Allahu Teala Hazreti Adem’i yaratmadan önce bu hadisenin olacağını biliyordu. Çünki O mutlak Hakimdir. Fakat biz kullar bunları bilemeyiz. Hastalanınca doktora gideriz. İlaç alırız. İyileştik deriz. Bizim hastalanmamız, iyileşmemiz hepsi Allahtandır.
Allahu Teala herşeyi sebebler aleminde yaratmıştır. Biz o sebeplere yapışırsak, karşılığını alırız. İnsan aciz bir varlıktır. Yaratanına karşı acizliğiğini gösterirse, kazanır. Büyüklük taslarsa, ben ben derse kaybeder.
Musa Peygamber Tur dağına giderken bir mümin yoluna çıkar. Ey Allahın Peygamberi, benim hep kızım oluyor. Hiç oğlum olmadı der. Allahu Tealaya arz etmesini diler. Musa Peygamber bu kulunun arzusunu ilettiğinde, ya Musa O kuluma ben oğul murat etmedim, cevabını alır.
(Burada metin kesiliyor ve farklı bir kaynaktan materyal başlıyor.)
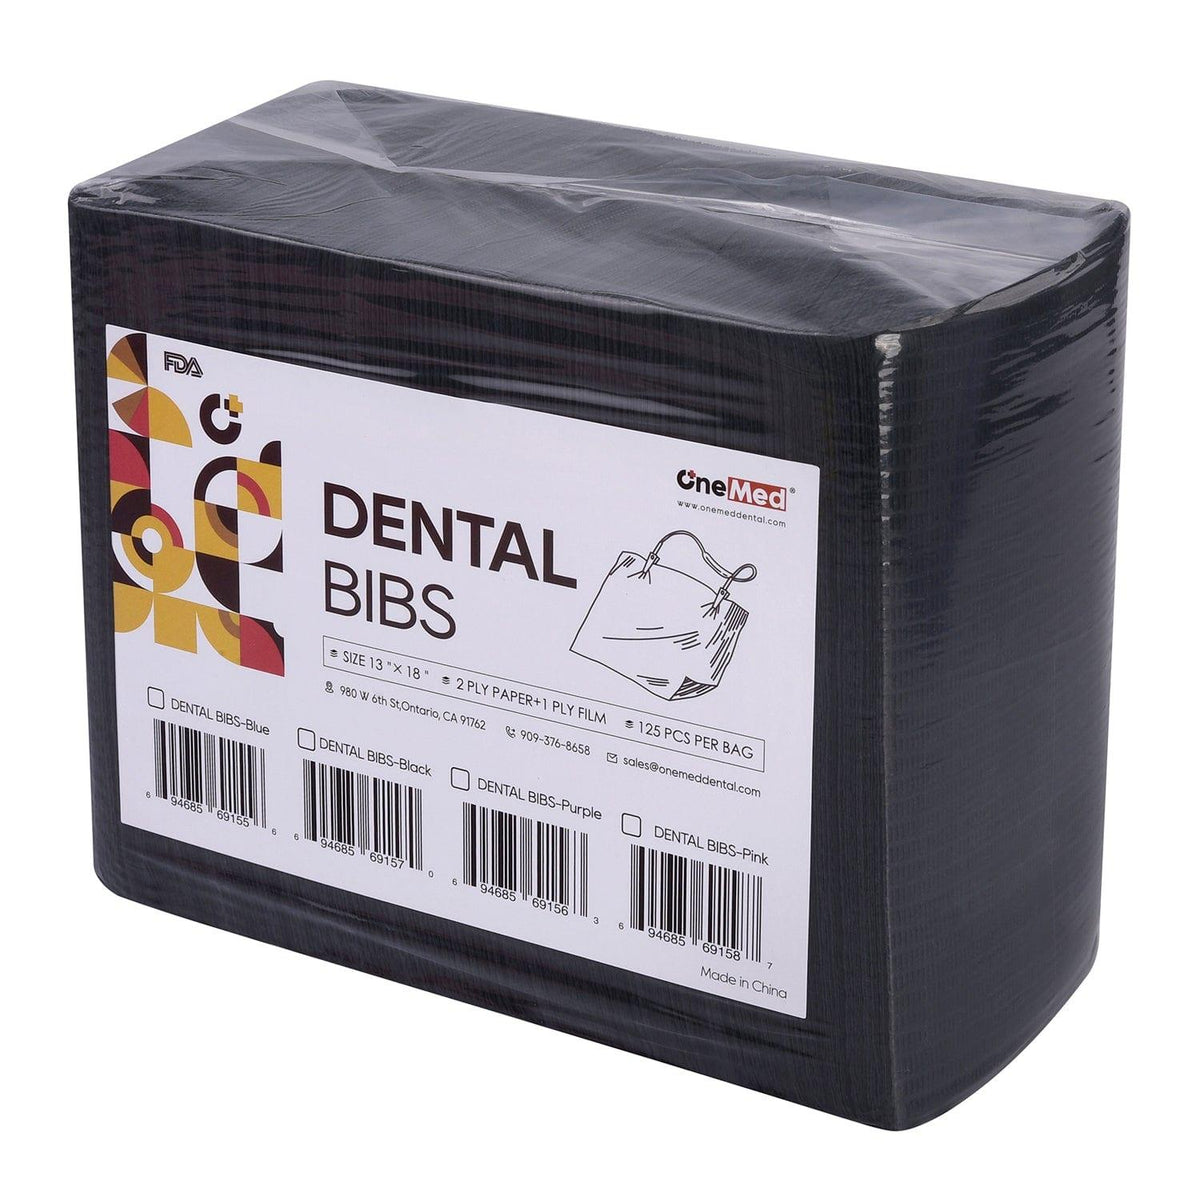 OneMed Black Dental Paper Bibs 3-Ply 13"x18" 125pcs/bag - OneMed Dental

Fakat yıllar sonra o Müminin kapısını çaldığında, kapıyı bir delikanlı açar. Sen kimsin sorusuna, ben bu evin oğluyum cevabı gelir. Musa Peygamber şaşkındır. Tekrar Allahu tealaya arz ettiğinde, şu cevabı alır. Ya Musa sen peygambersin. Sana bir şeyi söylediğimde peki der kabul edersin. Fakat senden sonra o eve bir meczup kulum geldi. Ellerini kaldırdı.Ağzını açtı. Ne ellerini indirdi. Ne de ağzını yumdu. Durmadan dua etti. Ey büyük Allahım sen herşeye kadirsin. Kaderi de sen yazdın. Bu garip kuluna bir oğul ver. Bu mümin kulunu sevindir. Söyledi. Söyledi. Hiç susmadı. Ben de o Mümin kuluma bir erkek evlad verdim.
Allahu Teala Adem peygamberin sonradan cayacağını, Musa peygamberi aracı koyup oğul isteyen kulunun muradına ereceğini biliyordu.
Hepsini sebeplere bağladı. Hazreti Ademin arzusuyla Davud Peygamber yüz yıl yaşadı. O meczubun duasıyla da o Kuluna bir erkek evlad verdi.
Sebeblere yapışan kazanır.
Mesela Namaz kılan, Oruç tutan, hacca giden Zekat veren cennete gider. Bunları yapmayan da gider. Fakat Allahu Teala bize emretti. Namaz kıl. Oruç tut, Zekat ver. Hacca git. Dedi.
Biz sebeplere yapışmalıyız. Allahu Teala katında acizliğimizi belli etmeliyiz. Herşeyi Allah rızası için yapmalıyız. Karşılık beklemeden yapmalıyız. Kul kula yardım eder. Karşılığını verecek olan Allahu Tealadır. O yücedir. O yeri göğü bizleri yaratandır.
Hayır ve şer herşey Allahtandır. Biz Allahu Tealaya güvenelim. O’na teslim olalım. İnşaallah bizleri iyi kulları arasından halk etmiştir.
Allahım, bizi, sevdiklerimizi, bizi sevenleri, iki cihanda aziz eyle. Amin.